Raised by a bitter aunt who scolded Zorrie’s positive attitude, saying “hope’ll lead you straight into the bushes,” she dies when Zorrie was twenty-one, leaving her without any family or means of support. Despite her aunt’s chronic grumblings and her lonely plight, “hope had nonetheless often found a way to seep out and surprise her, bow graciously, extend its hand, ask her to dance.” The novel is full of grace.

Aware from the start that Zorrie’s health was compromised, we soon learn why.
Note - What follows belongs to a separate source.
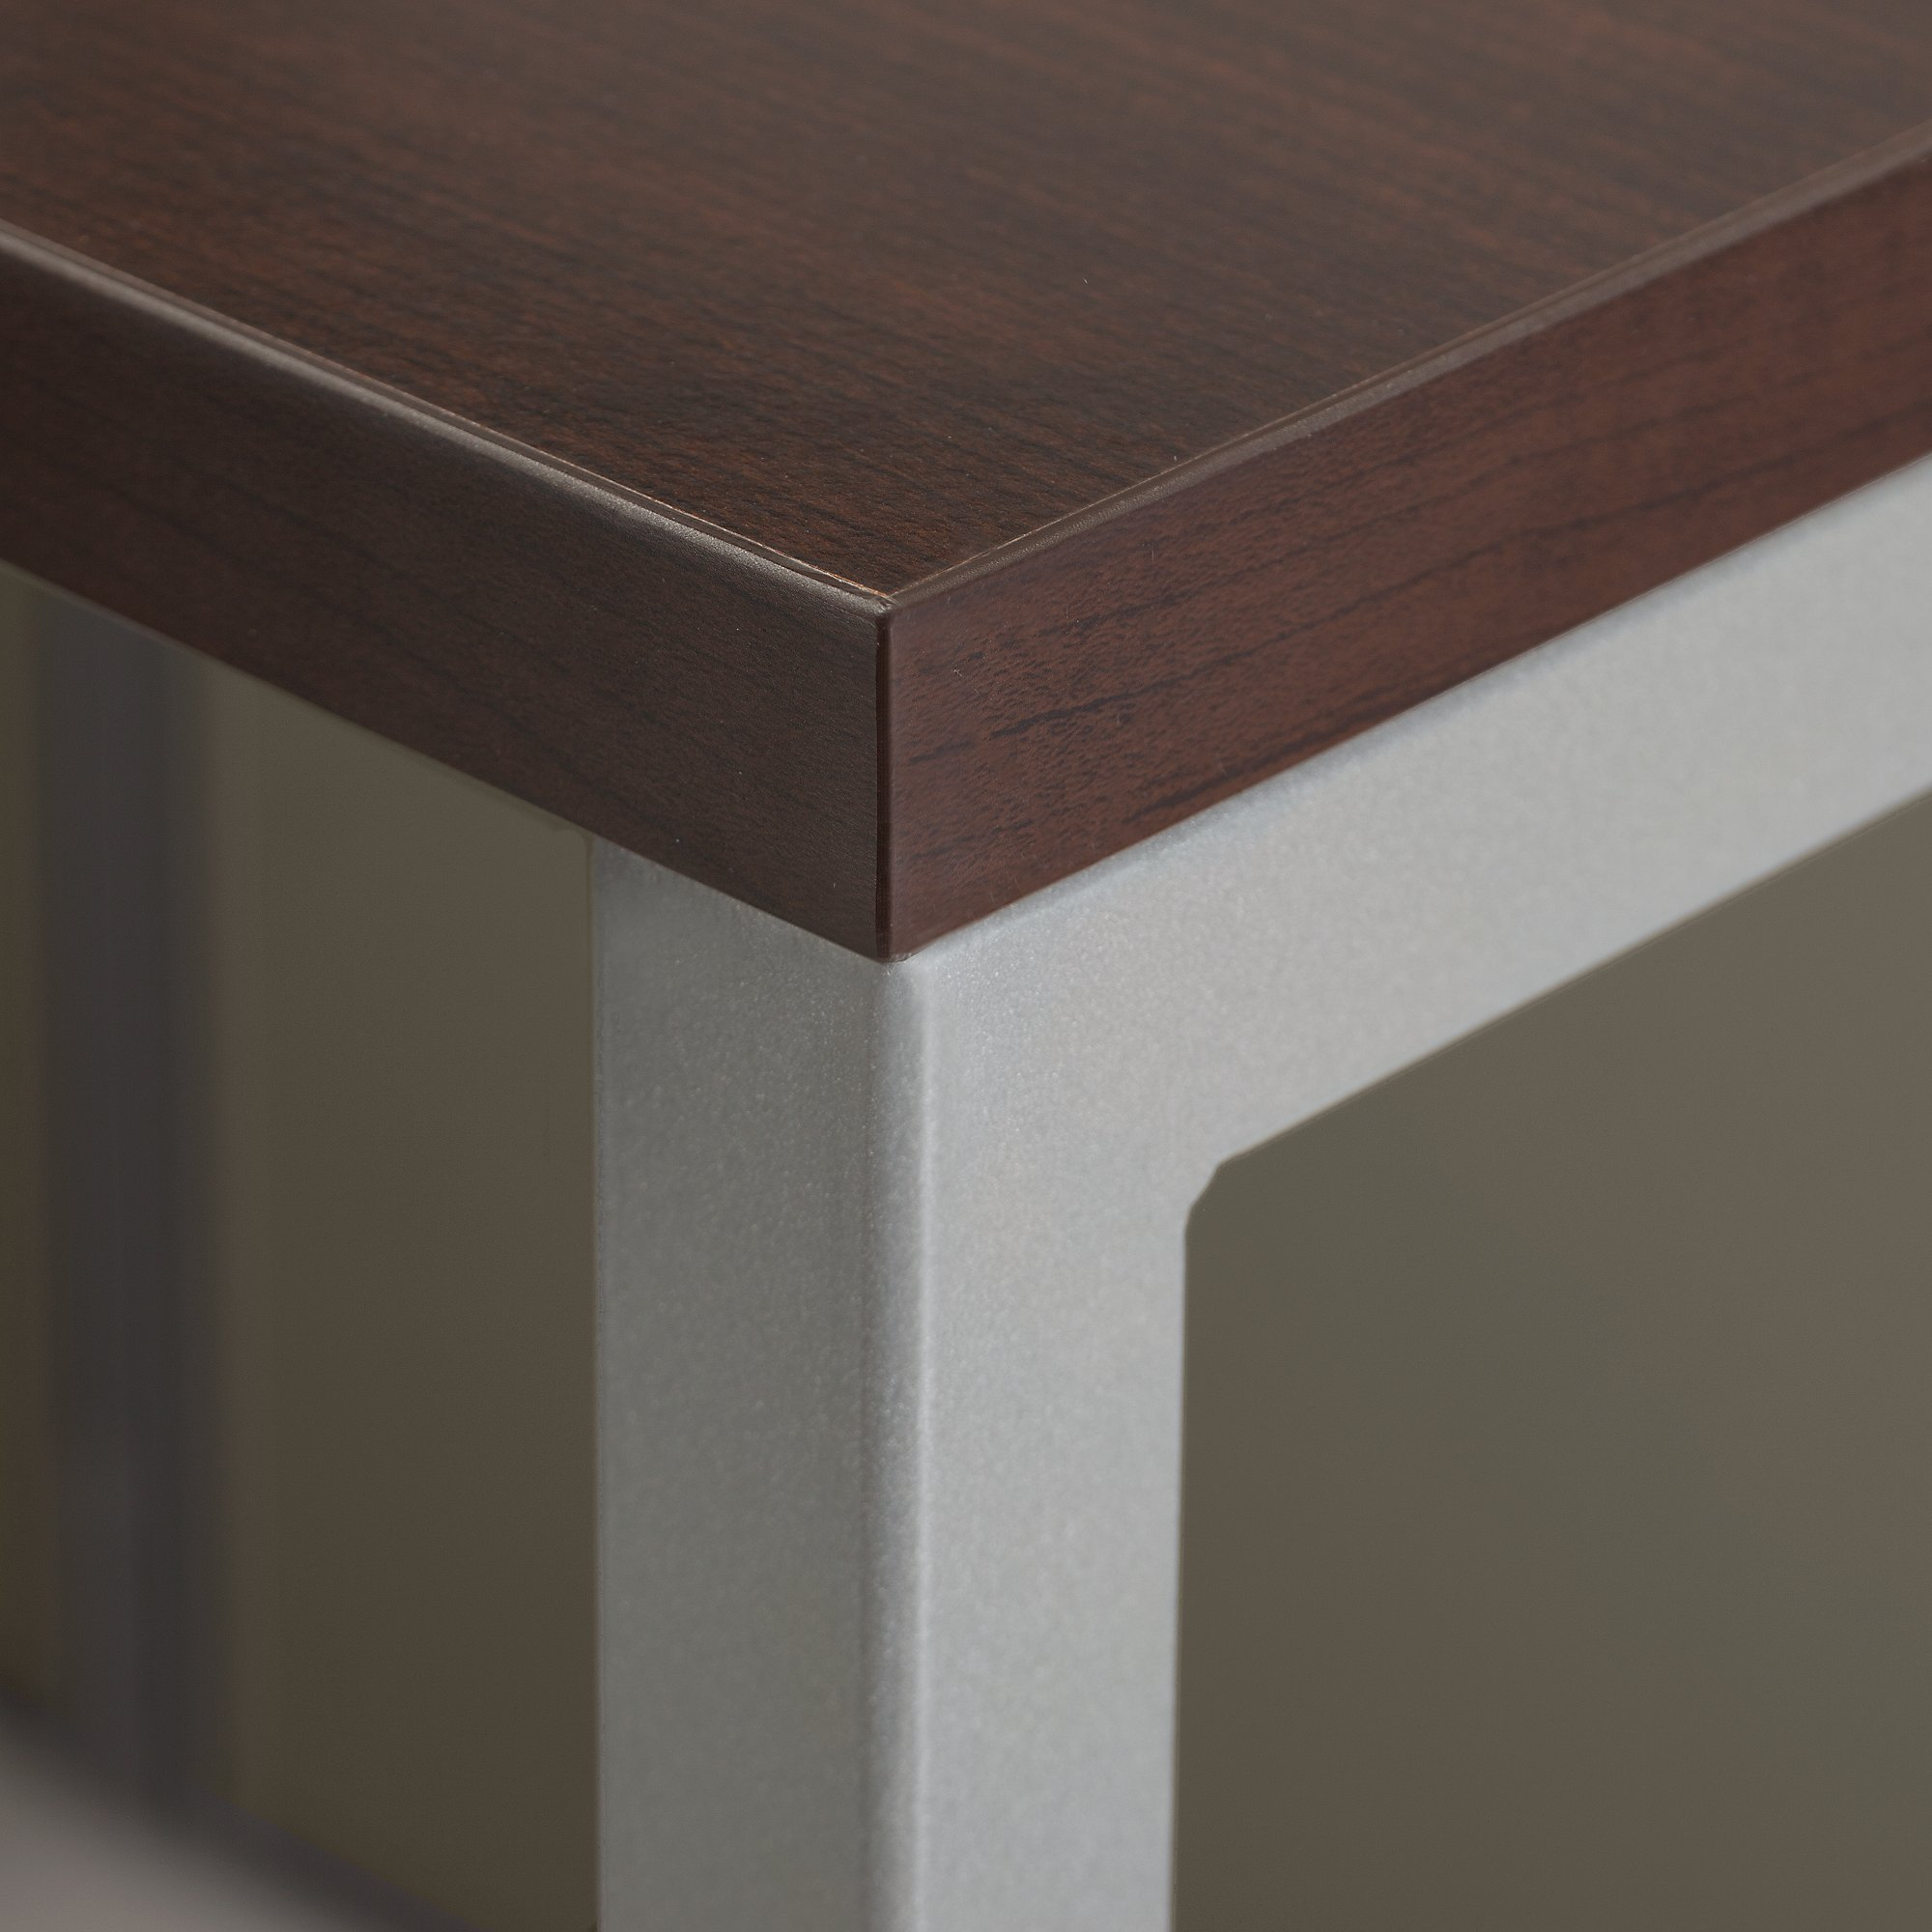 desk surface and frame

Tragic for Zorrie, and historically, as she was one of those young women who worked at the Radium Dial Company in Ottawa, Illinois before it was known that painting the face dials of clock pieces with radioactive powder was slowly poisoning them.

Hunt calls the yellow, glowing-in-the-dark powder “Luna powder,” a name that refers to the Moon, symbolic of the novel’s eternal theme of the perpetual cycling of seasons, the cycles of life. Indeed, Zorrie’s story cycles through the years and seasons of her life from early childhood to coming-of-age to adulthood to growing old till eternity. “Divine,” “eternal,” and “eternity” are prevalent words and universal themes seen from religious, spiritual, and philosophical perspectives.
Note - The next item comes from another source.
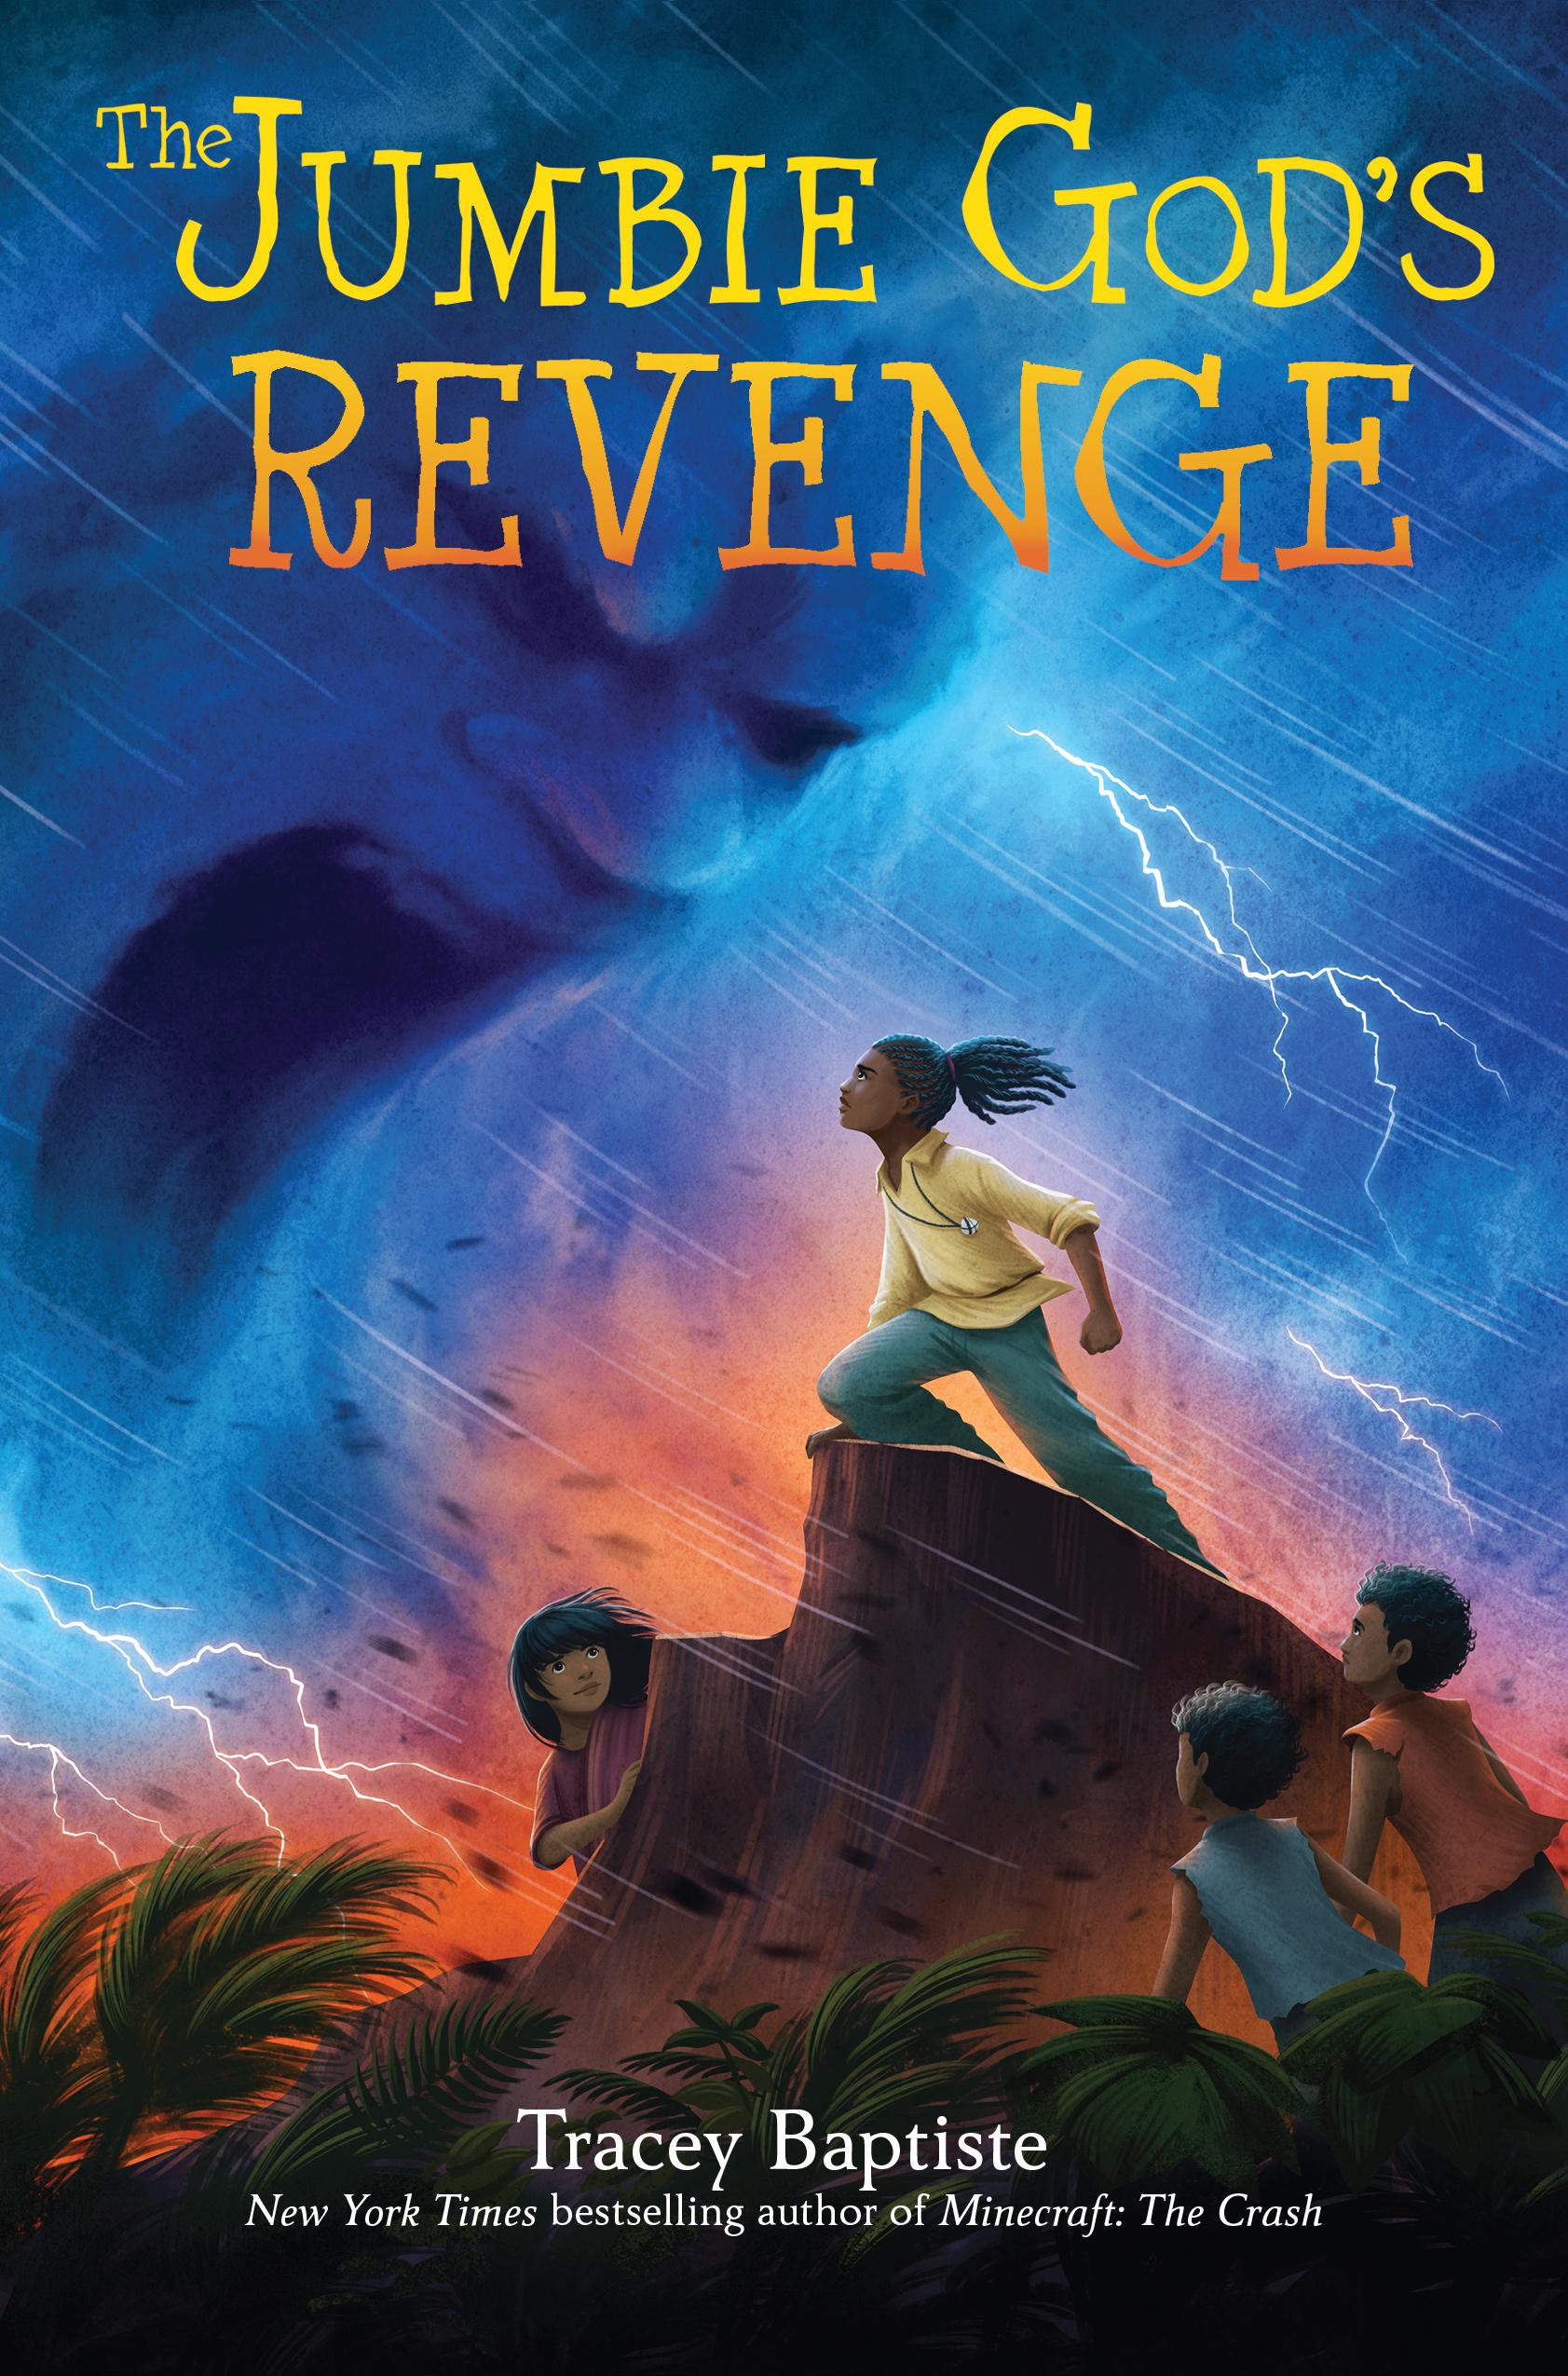 Blog Tour: The Jumbie God's Revenge by Tracey Baptiste (Excerpt!)

The radium factory is key to the story health-wise and in terms of how powerfully attached someone’s image of Home can be. Zorrie made two dear friends on the job, Janie and Marie, the first real girlfriends she had, but she missed Indiana’s soil so much she left them when she didn’t even have a physical home. Returning to her homeland, she finds that farmhouse through the blessings of love and different kinds of friendships. Virgil, Ruby, and Noah, most significantly. 
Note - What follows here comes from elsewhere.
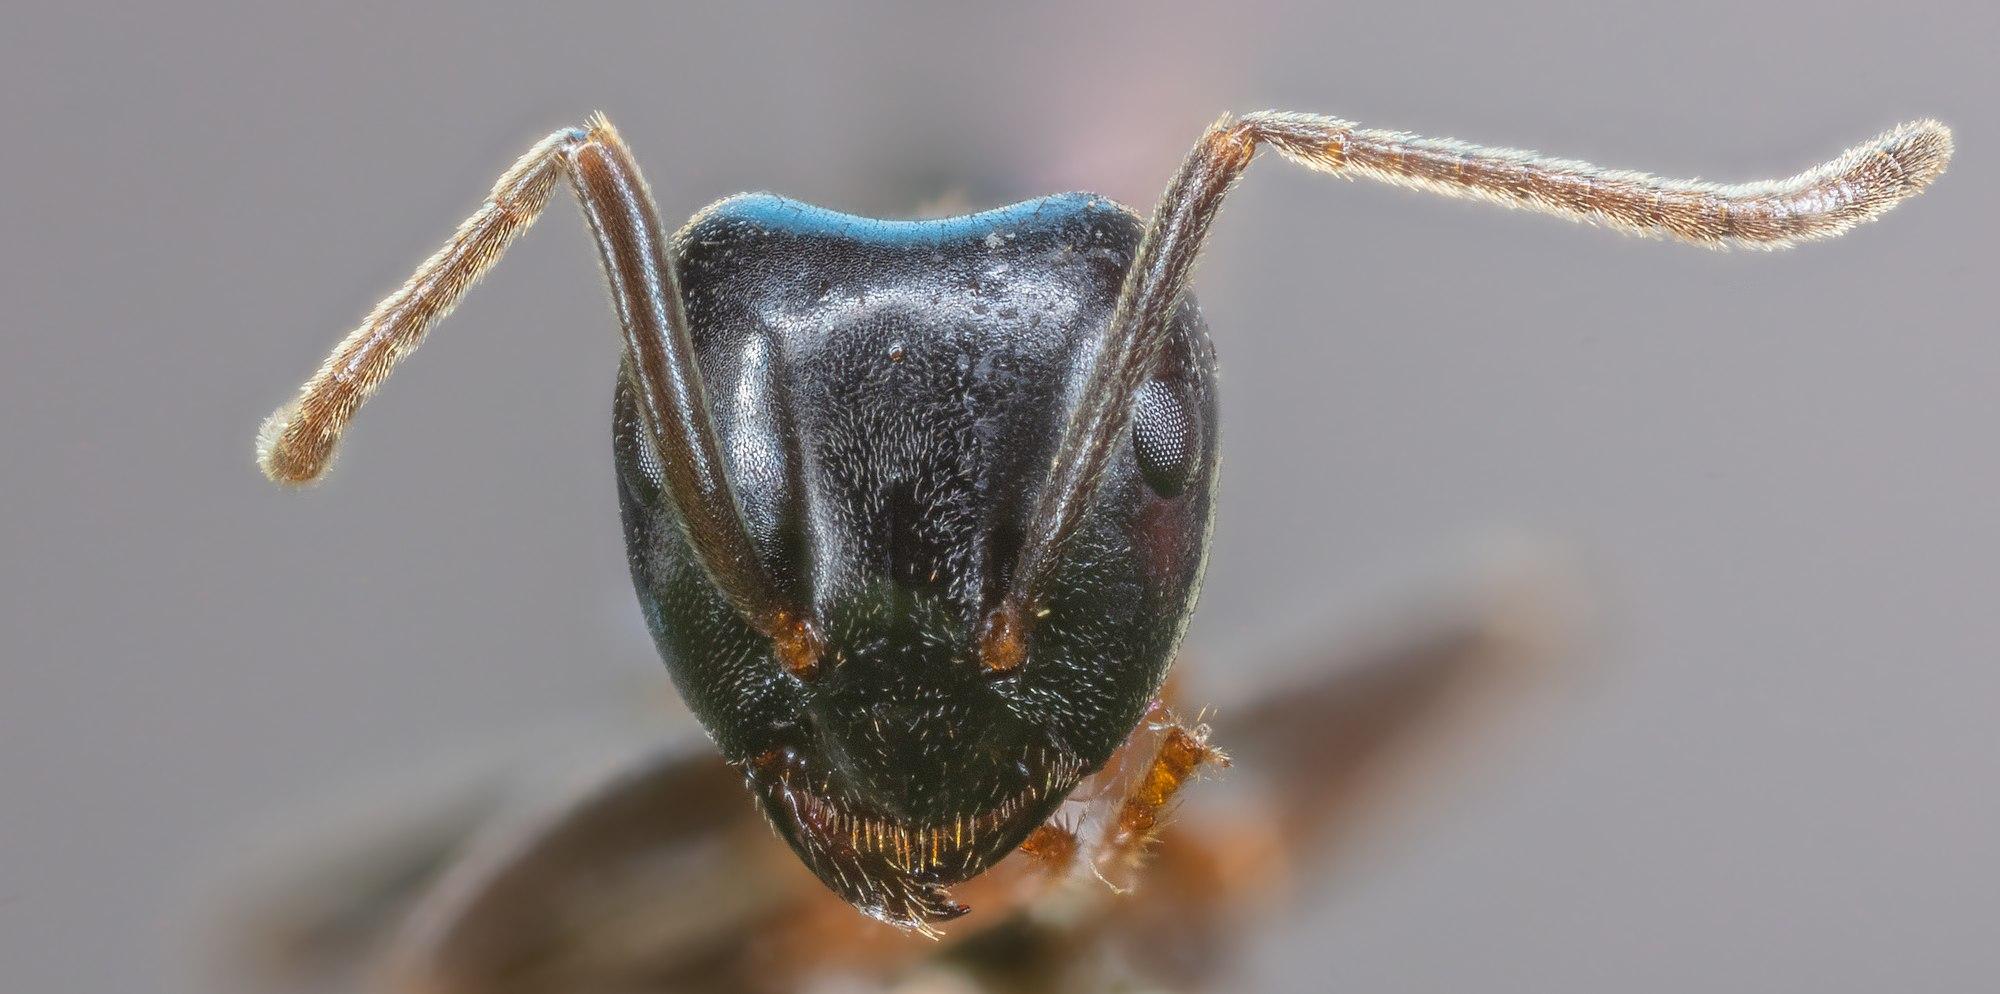 Pharaoh ant (Monomorium pharaonis), Hartelholz, Munich, Germany

Zorrie and her girlfriends called themselves “Ghost Girls” after they realized the powder on their hands and faces, having licked it onto their paintbrushes, glowed. Unaware of how sinister it was, they rejoiced in how they could “stand luminous under the stars” like Flaubert’s quote, feeling special, valued, for the first time in their lives.

While Zorrie stays in touch with Janie and Marie from time to time throughout the years, sometimes desiring to see them, mostly they remain fond memories of happy times. As other friends and neighbors cycle in and out of her life more memories buoy her as her life narrows and becomes lonely once again. A dog named Oats enters her life unexpectedly, beautifully evoking the soul-mate companionship dog lovers feel, especially people living alone or isolated. No surprise, then, that one of the outcomes of pandemic quarantining has been a surge in animal adoptions. Also, more baking and gardening, both of which comfort Zorrie too. The “gift of music” another pleasure.

In these ways, Zorrie’s life reminds us of ours. Nostalgic in our memories of loved ones we’ve lost, and for simpler times when neighbors truly watched out for each other.

Another quote from the above mentioned French philosopher Michel de Montaigne reinforces the life-affirming theme: “We must learn to endure what we cannot avoid. Our life is composed, like the harmony of the world, of contrary things, also of different tones, sweet and harsh, sharp and flat, soft and loud.” Hunt expresses this sentiment in fewer words: “The fragile film of the present must be buttressed against the past.”

The poetic rendering of a singular life humanizes the fragility of life, and shows us where to find strength and humanity.

Lorraine

P.S. The novel really hit home as my husband engraved our wedding bands with the inscription “Till Eternity.”